Tampering with or setting in motion the engine of a motor vehicle without the permission of the *464 owner was, in 1952, and still is, a criminal offense. General Statutes § 14-145. One who assists and counsels another in the commission of a crime is subject to punishment as an accessory. General Statutes § 54-196. Ordinarily, one who is guilty of a violation of a statute is held to be negligent as a matter of law, and if the violation is a substantial factor in causing his injuries, recovery for them is barred. Essam v. New York, N.H. & H.R. Co., 140 Conn. 319, 325, 99 A.2d 138. However, where the violator is a minor under the age of sixteen years, as was the plaintiff, the issue of the violator's exercise of due care becomes, under General Statutes § 52-217, a question of fact for the trier. Consequently, appropriate instructions to the jury by the court on both of these statutes may be required, together with a proper explanation of their relevance to each other and their application to the particular claims in the individual case. The failure here of the court, upon request, to charge on these statutes, which were relevant to the issues in this case, constitutes reversible error. Practice Book § 153.

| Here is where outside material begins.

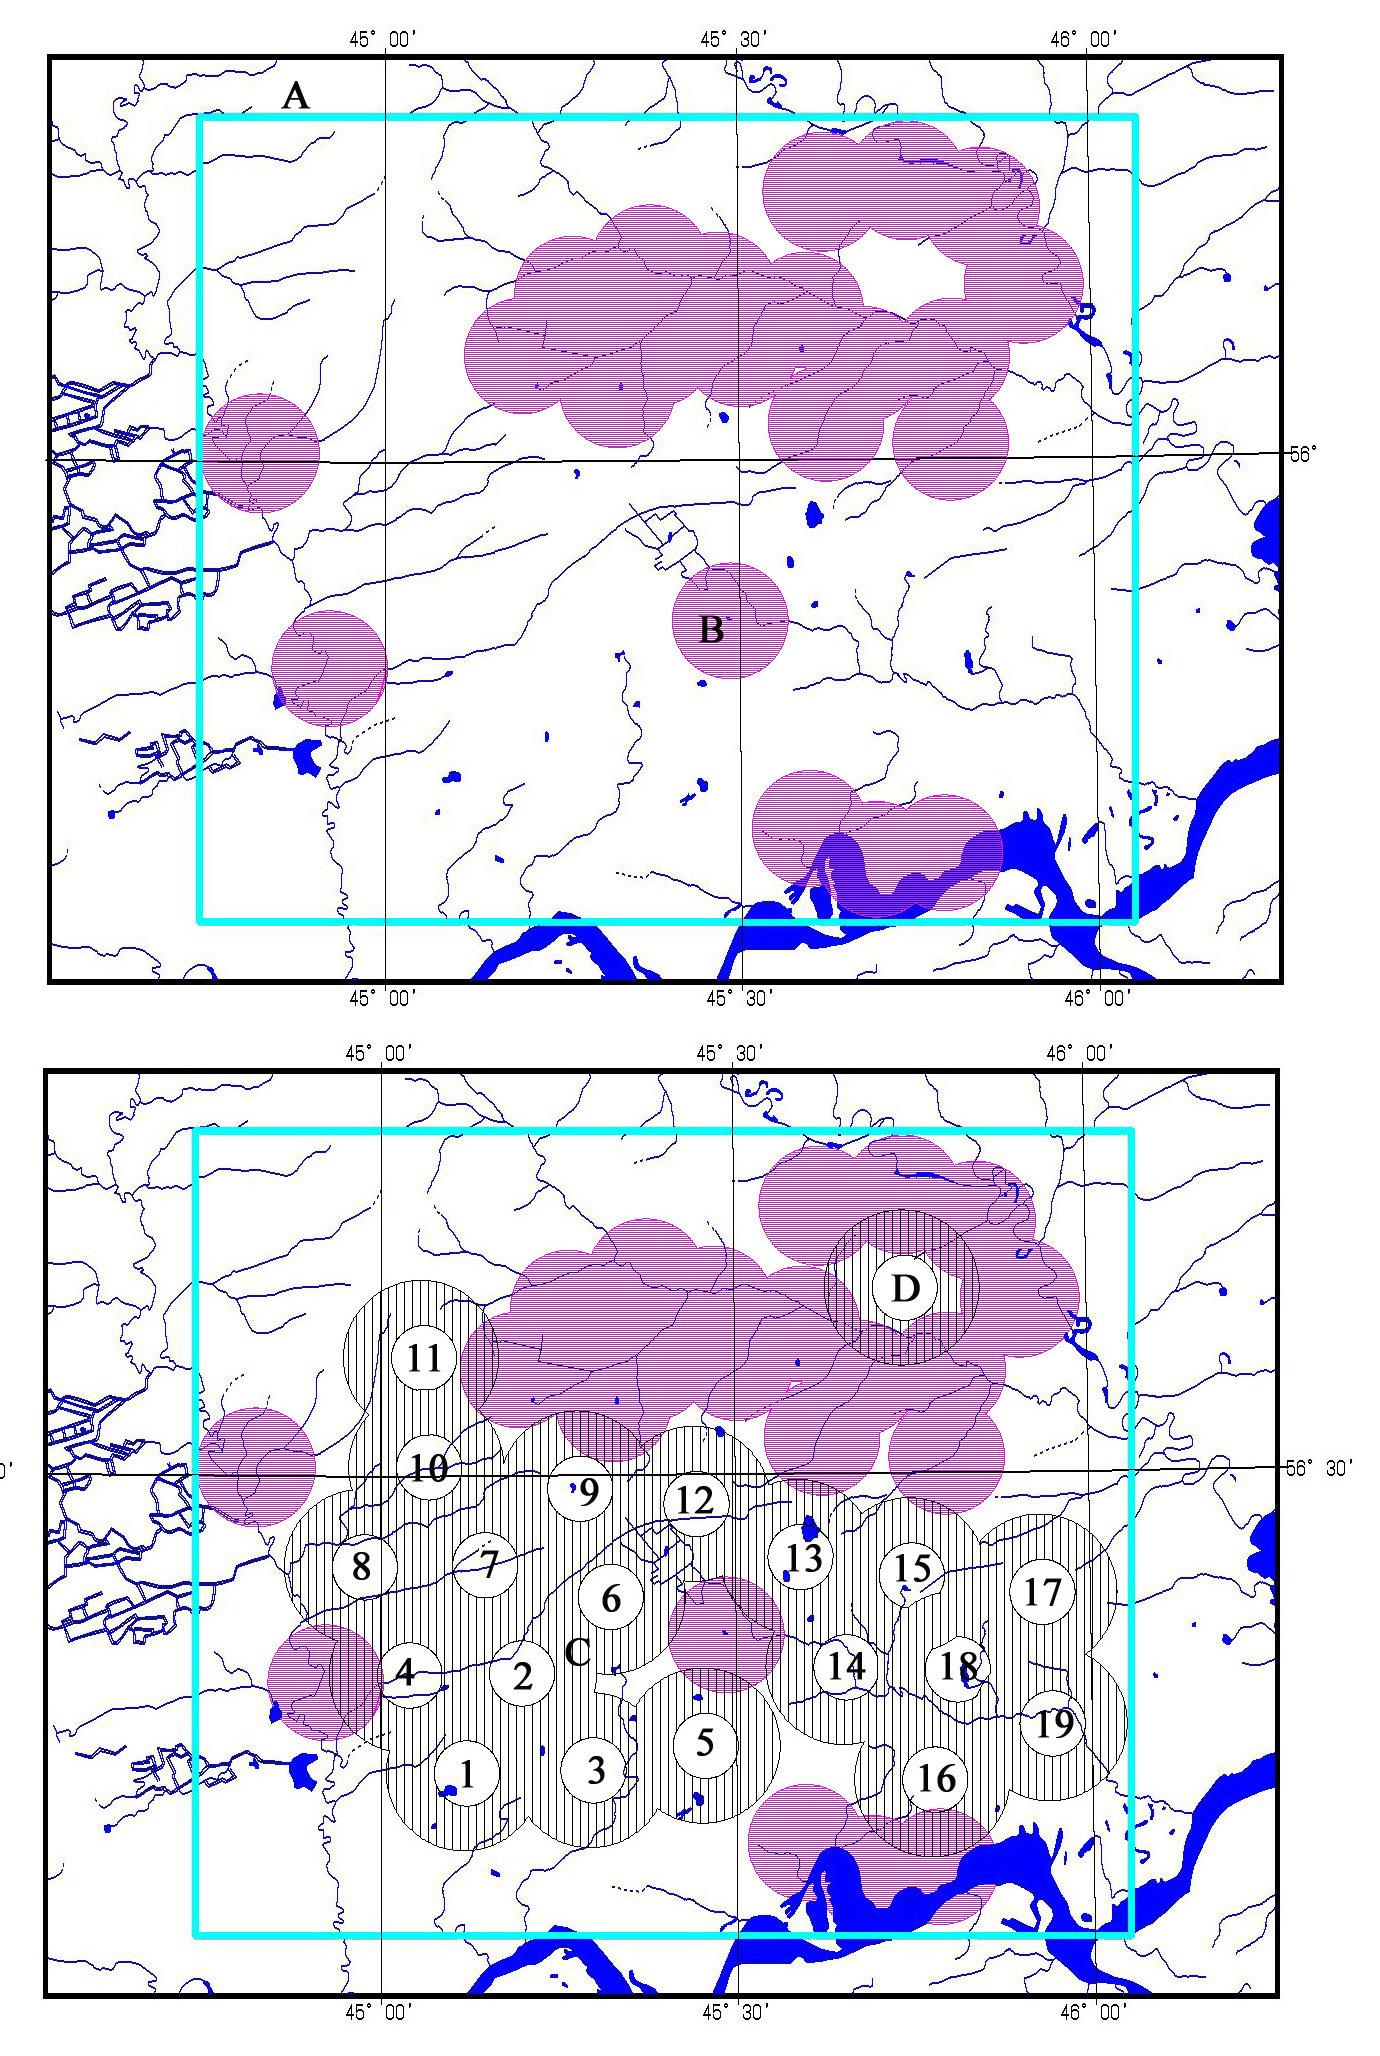 Рис. 435. Карта буферных территорий населенных пунктов (вверху) и предполагаемых гнездовых участков беркута (внизу)

A proper exception was taken by the defendant to the portion of the charge in which the court stated that the grader was in a place designed as a play area for the children of the tenants. The finding discloses that this area was used by the children for play, but there is nothing in the finding to warrant the assertion that it was designed for that purpose. An incorrect statement of a material and important fact which is apt to mislead the jury constitutes error, although a trial court is given much latitude in discussing the evidence in the charge. Schiavo v. Cozzolino, 134 Conn. 388, 391, 57 A.2d 723.
*465 As it will be necessary to send this case back for a new trial, it is advisable to make reference to the requests to charge on foreseeability of harm, concurrent negligence and assumption of risk. In cases of this general nature, we have consistently held that the test in determining the negligence of a defendant is whether the ordinary man in the position of the defendant, knowing what he knew or should have known, would reasonably anticipate that harm of the general nature of that suffered by the plaintiff was likely to result. Orlo v. Connecticut Co., 128 Conn. 231, 237, 21 A.2d 402; Noebel v. Housing Authority, 146 Conn. 197, 200, 148 A.2d 766; Attardo v. Ambriscoe, 147 Conn. 708, 712, 166 A.2d 458; Greene v. DiFazio, 148 Conn. 419, 423, 171 A.2d 411. Such instruction was lacking here. While the charge covered the questions of negligence and contributory negligence, it made no mention of the result where both the plaintiff and the defendant are negligent and the concurrent negligence of each is a proximate cause of the accident. The court should have complied with the request on this point. Radwick v. Goldstein, 90 Conn. 701, 709, 98 A. 583; Sullivan v. Krivitsky, 100 Conn. 508, 512, 123 A. 847. The court charged on assumption of risk but did not, as it should, tell the jury that the test is the comprehension of the risk, which involves not only knowledge of a danger but an appreciation of the character and extent of it, thus furnishing the actor with an adequate basis for voluntary decision as to assumption of the risk. Dean v. Hershowitz, 119 Conn. 398, 413, 177 A. 262; Greene v. DiFazio, supra, 425.
There is error, the judgment is set aside and a new trial is ordered.
In this opinion the other judges concurred.